Manjiri Pawaskar1, Bhagwan Satiani, Rajesh Balkrishnan, Jean E Starr.   

Abstract

BACKGROUND: The clinical effectiveness of carotid endarterectomy (CEA) is well established. But the economic impact of CEA and carotid artery stenting (CAS) is still uncertain. The objective of this study was to compare hospital costs and reimbursement for CAS and CEA. STUDY
DESIGN: We performed a retrospective database analysis on pair-matched patients who underwent CEA (n = 31) and CAS (n = 31) at the Richard M Ross Heart Hospital in Columbus, OH. The hospital's clinical and financial databases were used to obtain patient-specific information and procedural charges. Cost data were generated by applying the hospital's ratio of cost to charges for all DRG charges. The Wilcoxon signed-rank test was used to examine the differences between costs of these procedures.
RESULTS: Data are reported as mean +/- SD. The mean age of patients in CAS group was 70.14 years (+/- 1.60 years) versus 68.64 years (+/- 1.75 years) for CEA patients (p < 0.05). The total direct cost associated with CEA ($3,765.12+/-$2,170.82) was significantly lower than the CAS cost ($8,219.71+/-$2,958.55, p < 0.001). The mean procedural cost for CAS ($7,543.61+/-$2,886.54) was significantly higher than that for CEA ($2,720.00+/-$926.38, p < 0.001). The hospital experienced cost savings of $9,690.87 for CEA versus $4,804.79 for CAS from private insurance. Similarly, savings obtained by Medicare-enrolled CEA patients were higher than those for CAS patients ($1,497.79).

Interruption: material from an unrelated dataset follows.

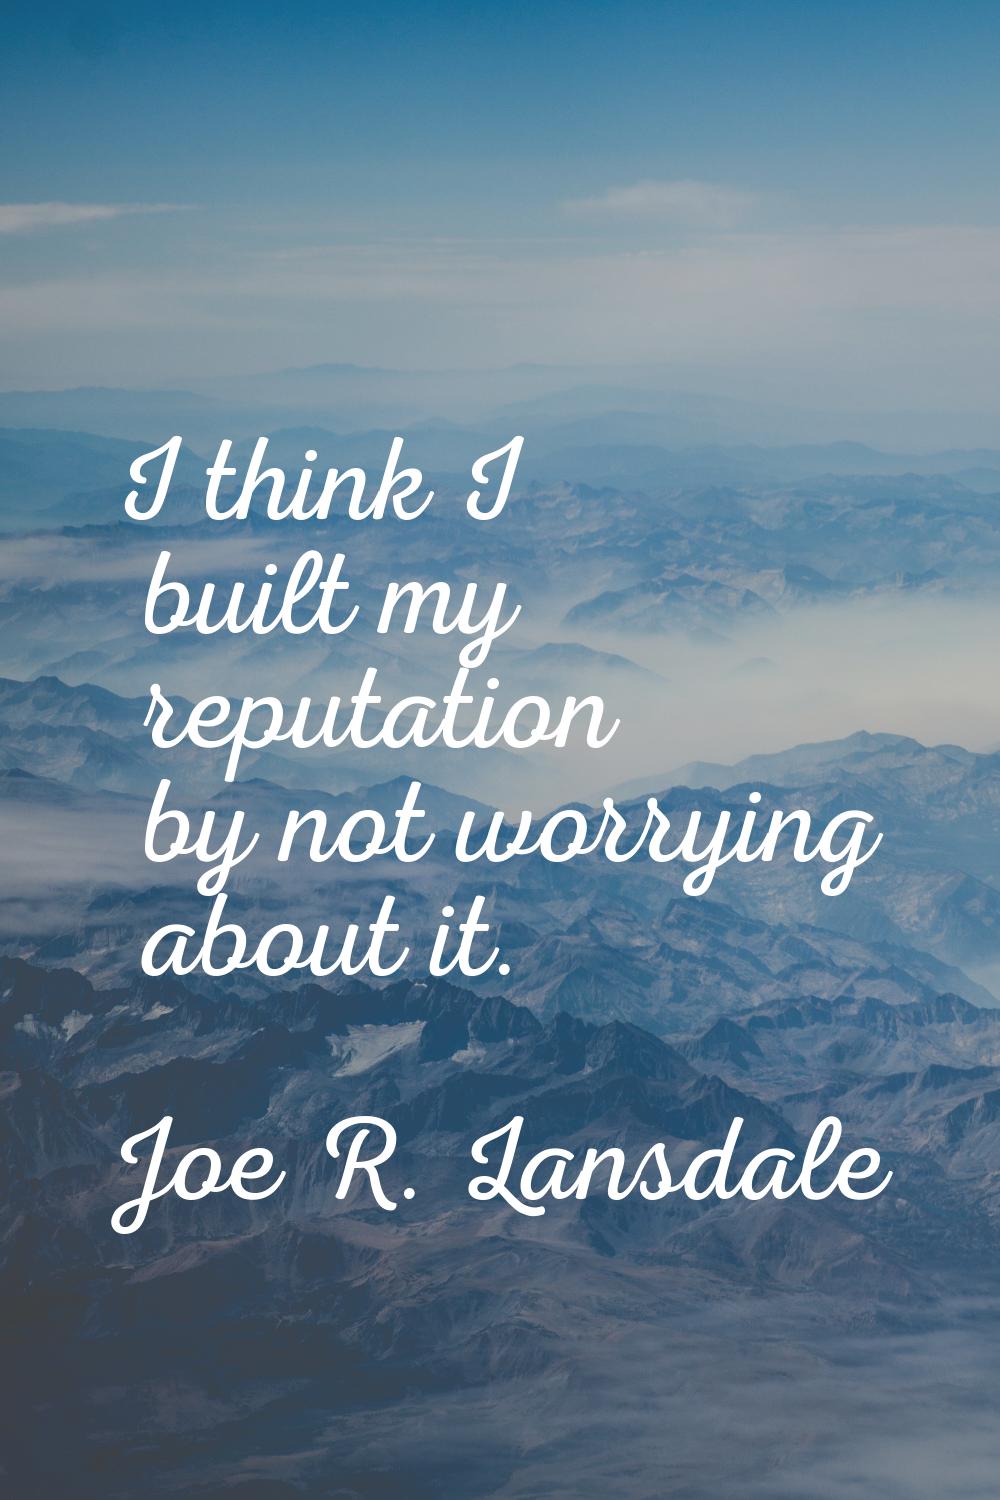 I think I built my reputation by not worrying about it.
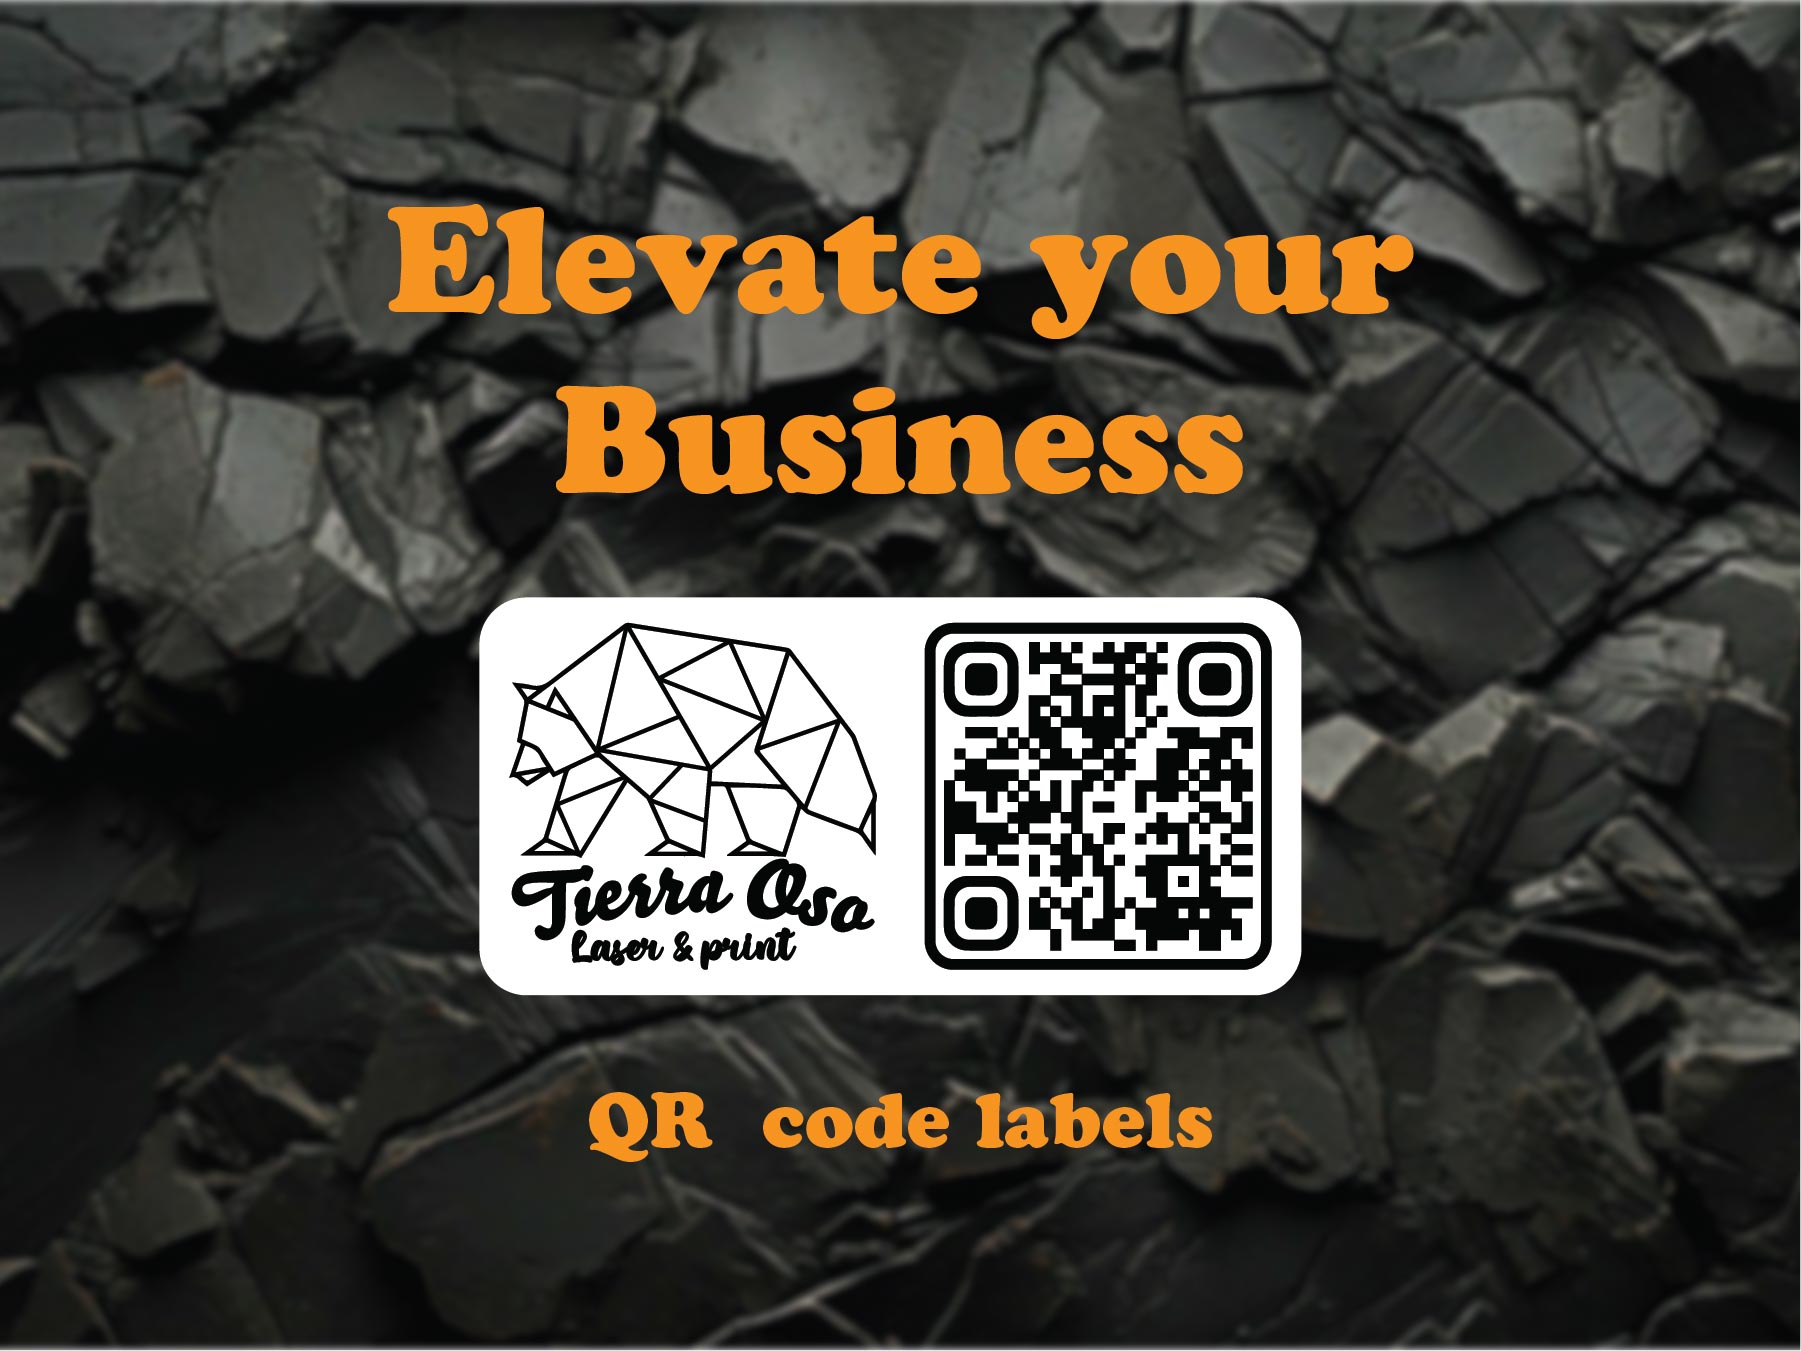 Custom 1''inch by 2" or 3" inch vinyl stickers for businesses logos  and Qr codes 1"x2" 1"x3"

CONCLUSIONS: CAS is significantly more expensive than CEA, with a major portion of cost attributed to the total procedural cost. The hospital experienced significant savings from CEA procedures compared with CAS under all DRG classifications and insurers. Hospitals must develop new financial strategies and improve the efficiency of infrastructure to make CAS financially viable.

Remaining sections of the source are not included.